В результате получается, что конкретные эффекты этого элемента языка связаны с существованием этого ансамбля, до любой возможной связи с любым конкретным опытом субъекта. И рассматривать эту последнюю связь независимо от любых ссылок на первую - значит просто отрицать в этом элементе функцию, присущую языку.

Это напоминание о первых принципах, возможно, спасло бы нашего автора в его беспримерной наивности от обнаружения текстуального соответствия грамматических категорий его детства отношениям реальности.

Этот памятник наивности, в любом случае достаточно распространенный в подобных вопросах, не стоил бы такого внимания, если бы не был достижением психоаналитика, точнее, того, кто, по воле случая, представляет все, что порождено определенной тенденцией в психоанализе - во имя теории эго или техники анализа защит, - все, то есть наиболее противоречащее фрейдистскому опыту. Таким образом, связность обоснованной концепции языка вместе с поддержанием этой концепции раскрывается a contrario. Ведь открытие Фрейда заключалось в том, что в природе человека есть поле последствий его отношений с символическим порядком и прослеживания их значения вплоть до самых радикальных агентств символизации в бытии. Игнорировать этот символический порядок - значит обречь открытие на забвение, а опыт - на гибель.

И я утверждаю - утверждение, которое не может быть оторвано от серьезного намерения моих настоящих замечаний, - что мне кажется более предпочтительным, чтобы енот, о котором я упоминал, сидел в кресле, где, по словам нашего автора, робость Фрейда ограничила аналитика, усадив его за кушетку, чем "ученый", рассуждающий о языке и речи так, как он.
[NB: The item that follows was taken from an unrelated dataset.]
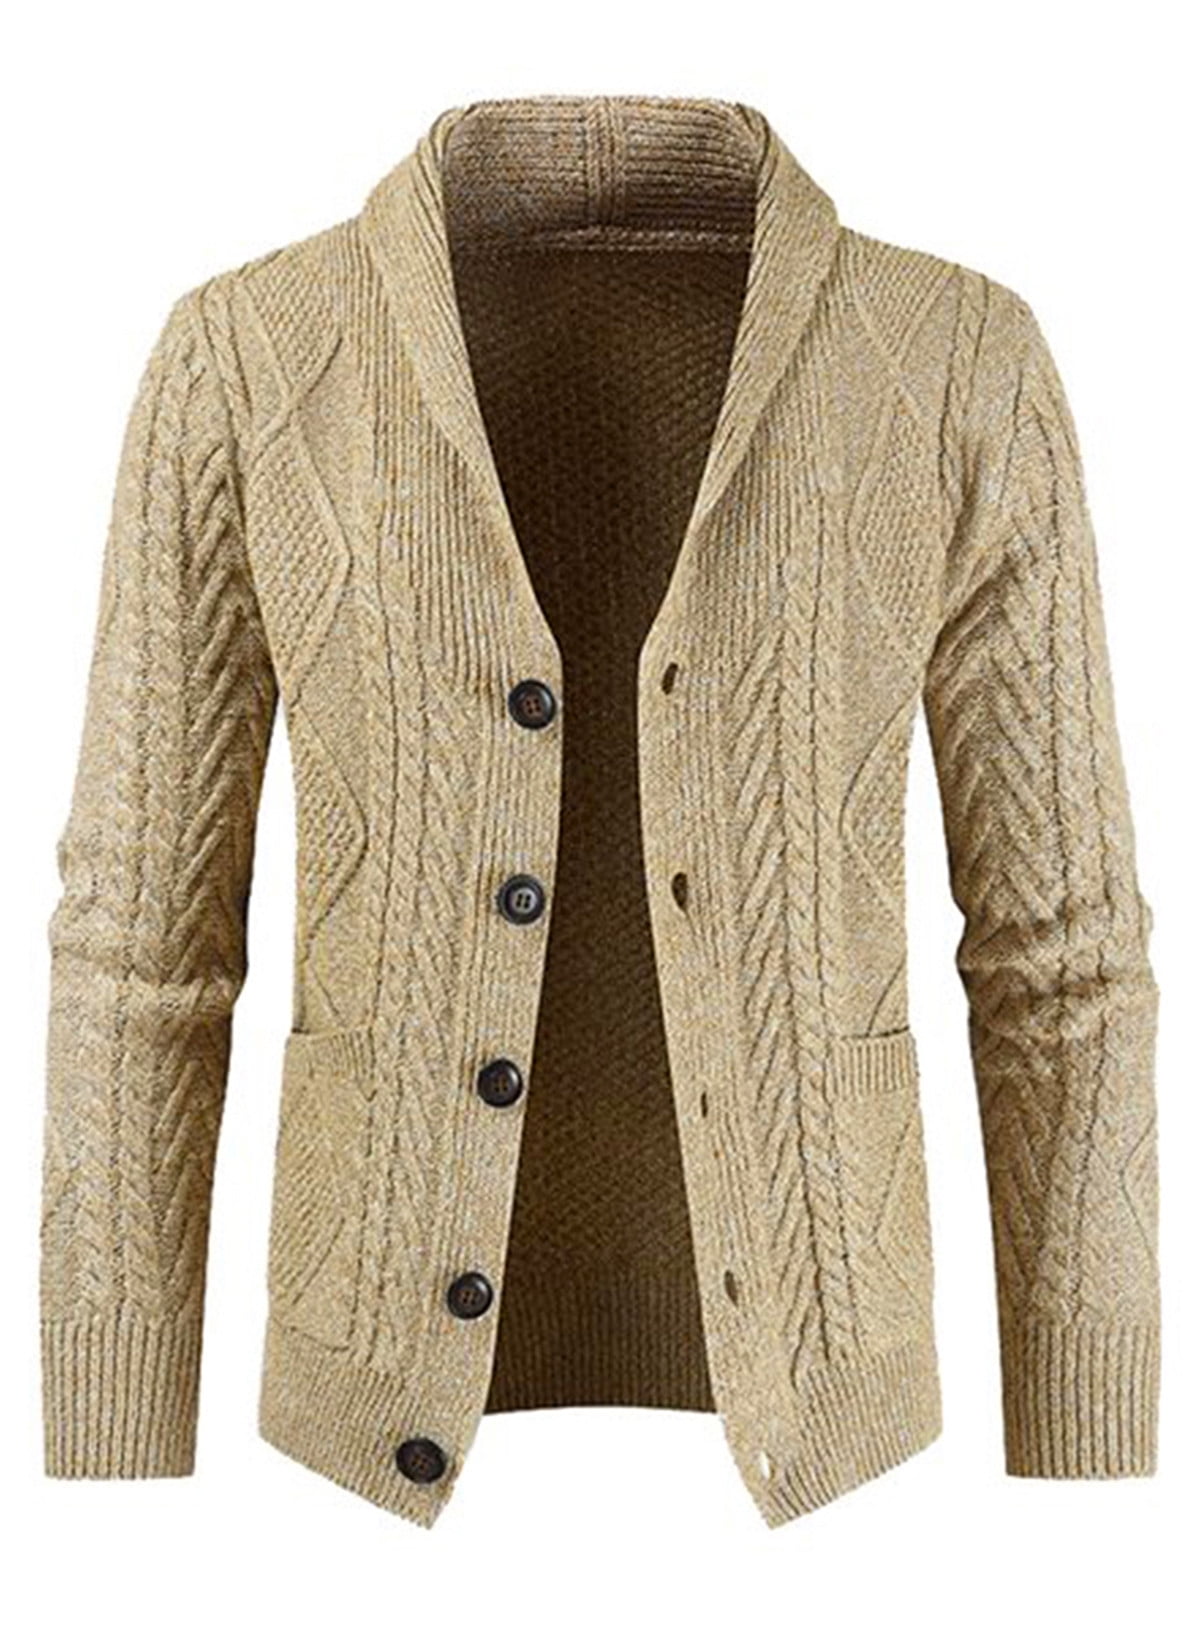 Men's Cable Cardigan w/Pockets-15% Off

Ведь енот, по крайней мере, благодаря Жаку Преверу ("une pierre, deux maisons, trois ruines, quatre fossoyeurs, un jardin, desfleurs, un ratonlaveur") ,раз и навсегда вошел в поэтический бестиарий и участвует в качестве такового, по своей сути, в высокой функции символа. Но то похожее на нас существо, которое исповедует, как и он, систематическоепознание этой функции, изгоняет себя из всего, что может быть вызвано к существованию с ее помощью. Таким образом, вопрос о месте, которое следует отвести нашему другу в классификации природы, показался бы мне просто неуместным гуманизмом, если бы его дискурс, скрещенный с техникой речи, хранителями которой мы являемся, не был на самом деле слишком плодотворным, даже порождая внутри себя бесплодные чудовища. Поэтому, поскольку он также гордится тем, что выдерживает упреки в антропоморфизме, я бы использовал именно этот последний термин, говоря, что он делает свое собственное существо мерой всех вещей.

Вернемся к нашему символическому объекту, который сам по себе чрезвычайно последователен в своей материи, даже если он потерял вес своего использования, но чей невесомый смысл будет производить смещения определенного веса. Так можно ли здесь найти закон и язык? Возможно, пока нет.

Ведь даже если бы среди морских ласточек появился какой-нибудь каид колонии, который, заглатывая символическую рыбу перед зияющими клювами остальных, положил бы начало эксплуатации ласточки ласточкой - фантазия, которую я когда-то с удовольствием развивал, - этого было бы недостаточно, чтобы воспроизвести среди них ту сказочную историю, образ нашей собственной, крылатая эпопея которой держала нас в плену на Пингвиньем острове Анатоля Франса; И для создания "гирундинизированной" вселенной нужно было бы еще что-то.